Legal Documents
The foundational legal instruments of RegenHub, LCA — from the state filing that created the cooperative to the bylaws (ratified June 2026) and membership agreement stack now in active review for public launch.
Formation
The founding instrument filed with the Colorado Secretary of State. Eleven articles covering entity name, principal office, registered agent, organizers, purposes (including five enumerated public benefit purposes), board structure, director liability, indemnification, member action without a meeting, and perpetual term. Filed pursuant to the ULCAA and PBCA; conflict hierarchy places ULCAA above CBCA above PBCA. Legally in effect as of the filing date.
Governance
Original bylaws draft as received from attorney counsel. Reference document for reconciling changes between v.1 and v.2. Contains original PBCA citation in the Preamble, original equal-allocation language in § 5.3.2, and original conflict-resolution hierarchy. Not in effect.
Eighteen-article bylaws governing the cooperative's structure, member rights, board composition, voting procedures, patronage distribution, and dissolution. Revised from v.1 — changes annotated inline. Ratified by board vote, June 2026. Legally in effect.
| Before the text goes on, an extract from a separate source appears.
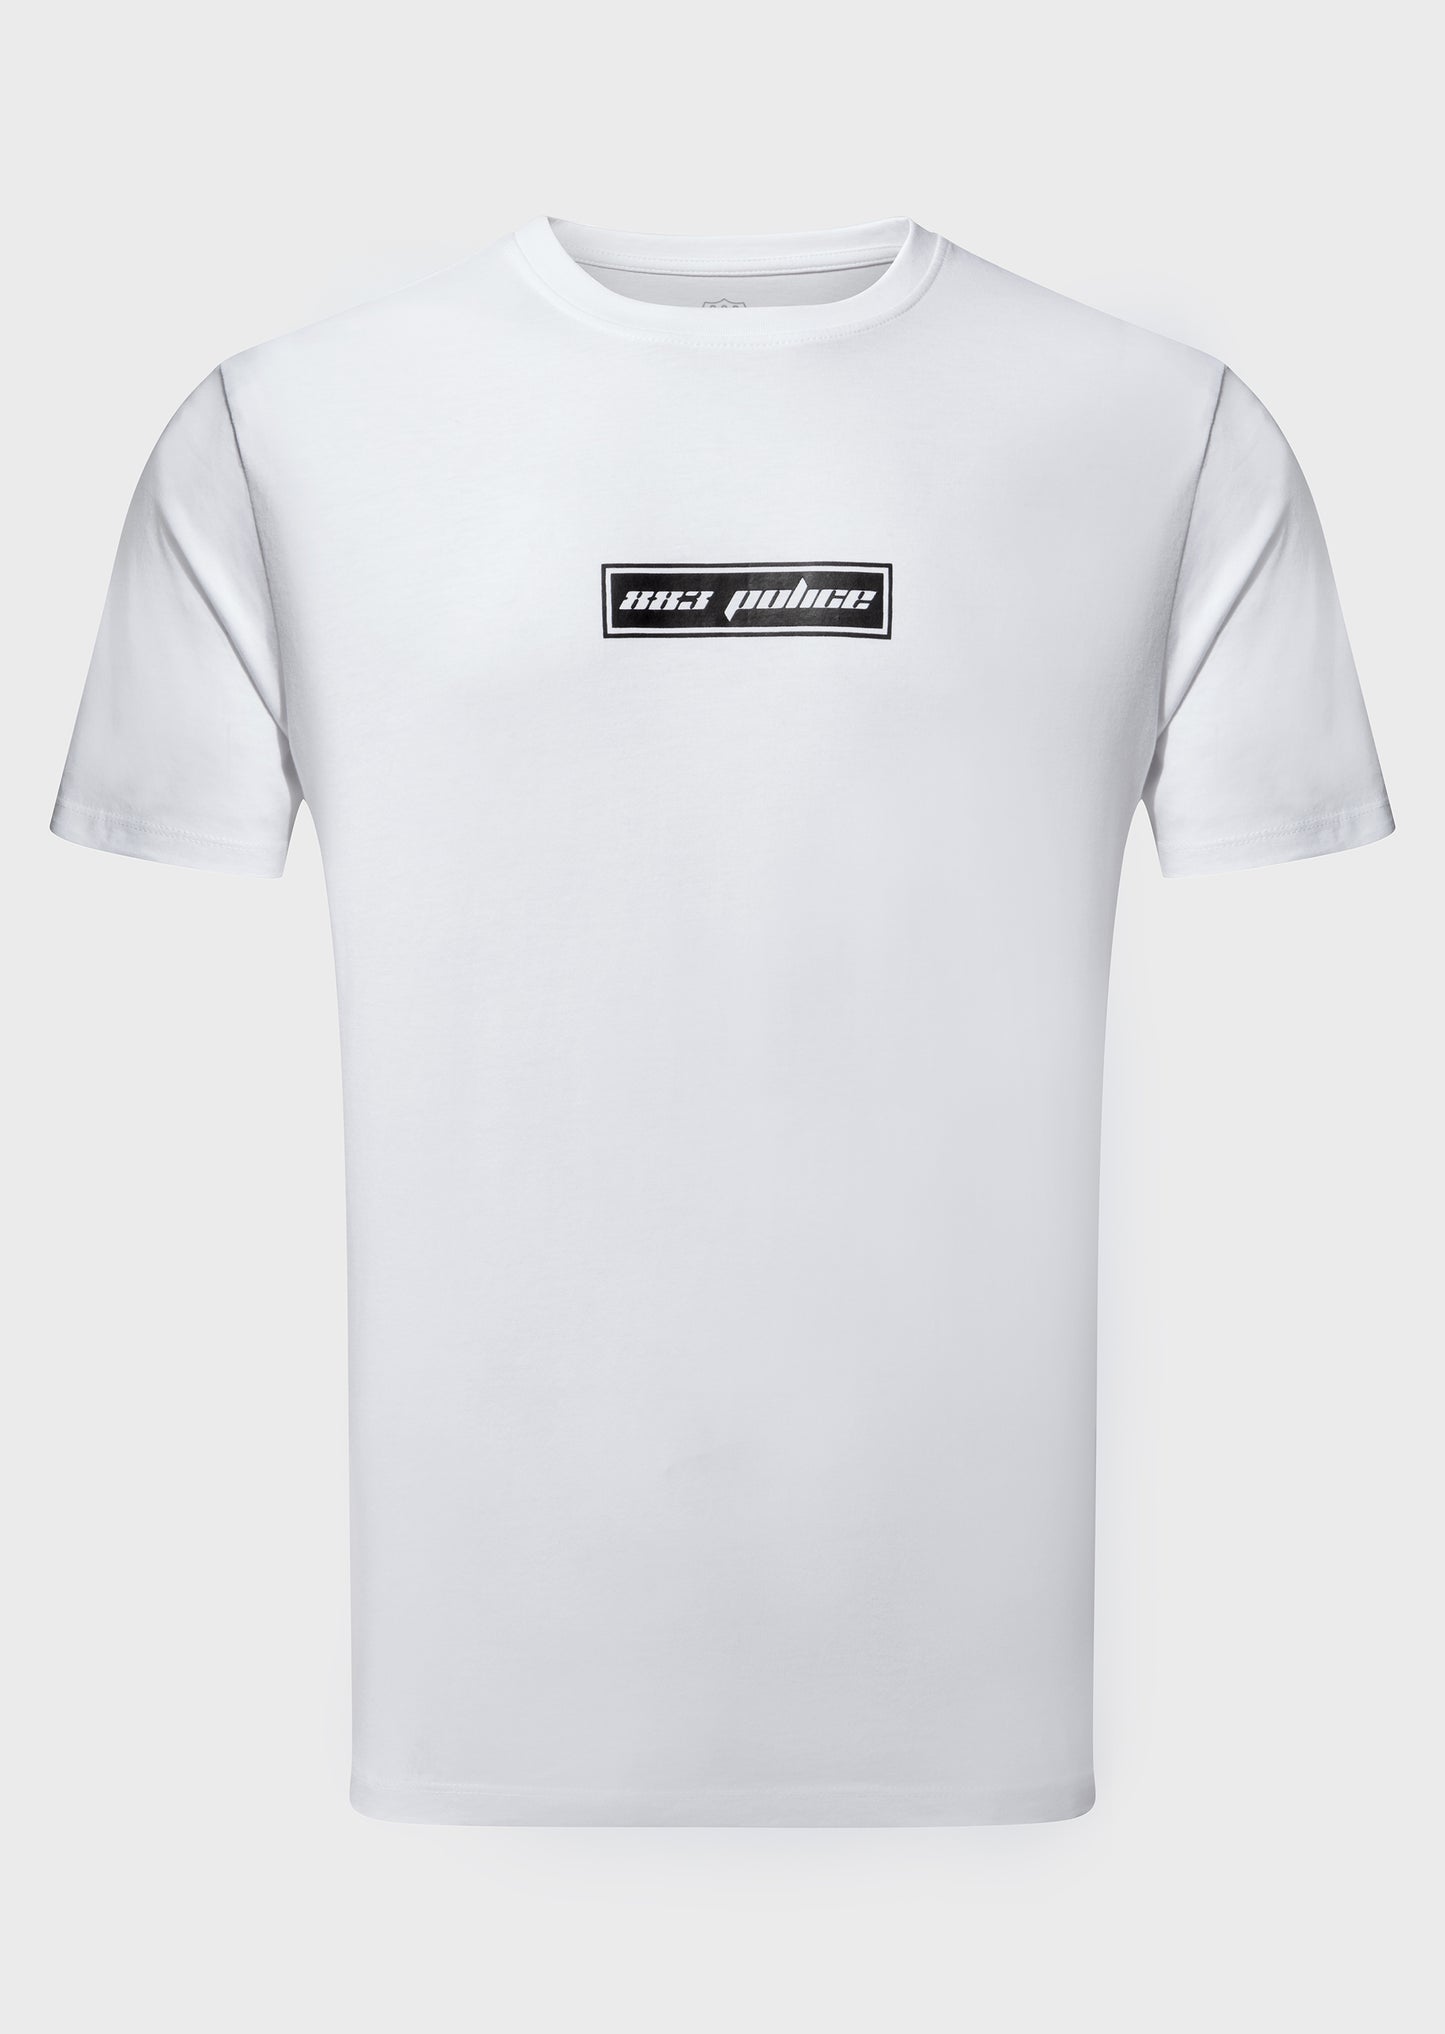 Lambro White T-Shirt

Annotated legal analysis of the bylaws draft. Grounds each issue in Colorado ULCAA, IRC § 704(b), and cooperative governance principles. Identifies resolution paths for each issue and sequencing for the ratification process.
Membership
Card overview of all four participation classes — costs, rights, admission pathways, and the member curve from relationship through admission, accumulation, and withdrawal. Includes the Patronage Conversion Pathway from Class Two (Co-working) to Class One (Cooperative Member).
Original membership agreement draft as received from attorney counsel. Reference document for reconciling changes between v.1 and v.2. Contains original IP assignment scope, voluntary withdrawal language, and simplified patronage provisions prior to Subchapter K alignment work.
The agreement each Cooperative Member (Class One) signs upon joining the cooperative. Governs membership obligations, intellectual property, patronage rights, capital account mechanics, and withdrawal procedures. Admission is by invitation following approximately 90 days of established relationship. Verbally ratified by the board June 24, 2026 — pending counsel confirmation on state filing requirements.
Annotated legal analysis of the membership agreement draft. Covers IP assignment scope, voluntary withdrawal and redemption mechanics, patronage accounting alignment with Subchapter K and IRC § 704(b), and membership matrix changes from the four-class structure ratified June 2026. Issue 3 (Sub K vocabulary) resolved in MA-A05. Includes resolution paths and attorney referrals for each blocking issue.
Membership Agreements — Additional Classes
The agreement governing Class Two (Co-working Member) and Class Three (Community Participant) access-track membership. Rates adopted June 24, 2026. Drafting deferred pending board direction.
The agreement governing Class Four (Investor Member) membership. Investors hold capital accounts and receive a Schedule K-1 reflecting capital-only allocations under IRC § 704(b). No admission fee; no voting rights unless the investor co-holds a Cooperative Member (Class One) share. No patronage eligibility and no workspace access. Drafting pending legal work with Jeff Pote.
Rate Schedule
Rate schedule adopted by board resolution June 24, 2026. Class One: $100 one-time share + $100/year dues. Class Two: $250/mo hot desk, $500+/mo dedicated desk or office. Class Three: Threshold $25/mo, Footing $50/mo, Standing $100/mo (Standing replaces the prior $50/mo virtual membership). Tax Distribution (no-phantom-tax) policy incorporated. Class Four (Investor) capital contribution terms pending Jeff Pote.
Capital Instruments
The agreement the cooperative issues to community supporters making a capital contribution outside the formal membership process. Supporters receive community access and mission alignment benefits in exchange for a one-time or recurring contribution. This instrument conveys no equity, no membership class rights, no voting rights, and no patronage allocation — it is a gift or contribution to the cooperative's public benefit work. Distinct from Class Three access subscriptions (Hub Membership Agreement): the Community Supporter Agreement is for gift or philanthropic contributions, not recurring access membership. Includes Schedule A (supporter-specific benefits) and Schedule B (non-binding preferred use statement).
Summary
A single-page overview of where all three governing documents stand: the filed Articles, and the two v.2 drafts in organizer review. Summarizes the 15 Bylaws changes and 11 Membership Agreement changes by category — blocking, member protection, tax spine, structure, and housekeeping — with the four cross-document conflicts and the board decisions required before ratification.
Counsel Correspondence
Memorandum to the cooperative's legal counsel explaining the organizers' reasoning for each proposed change in the v.2 drafts of the Bylaws and Class A Patron Member Membership Agreement. Covers statutory citation corrections, document hierarchy, suspension and redemption procedures, Subchapter K tax alignment, IP framework architecture, and patronage plan grounding. Presented as questions for counsel's review rather than final legal positions.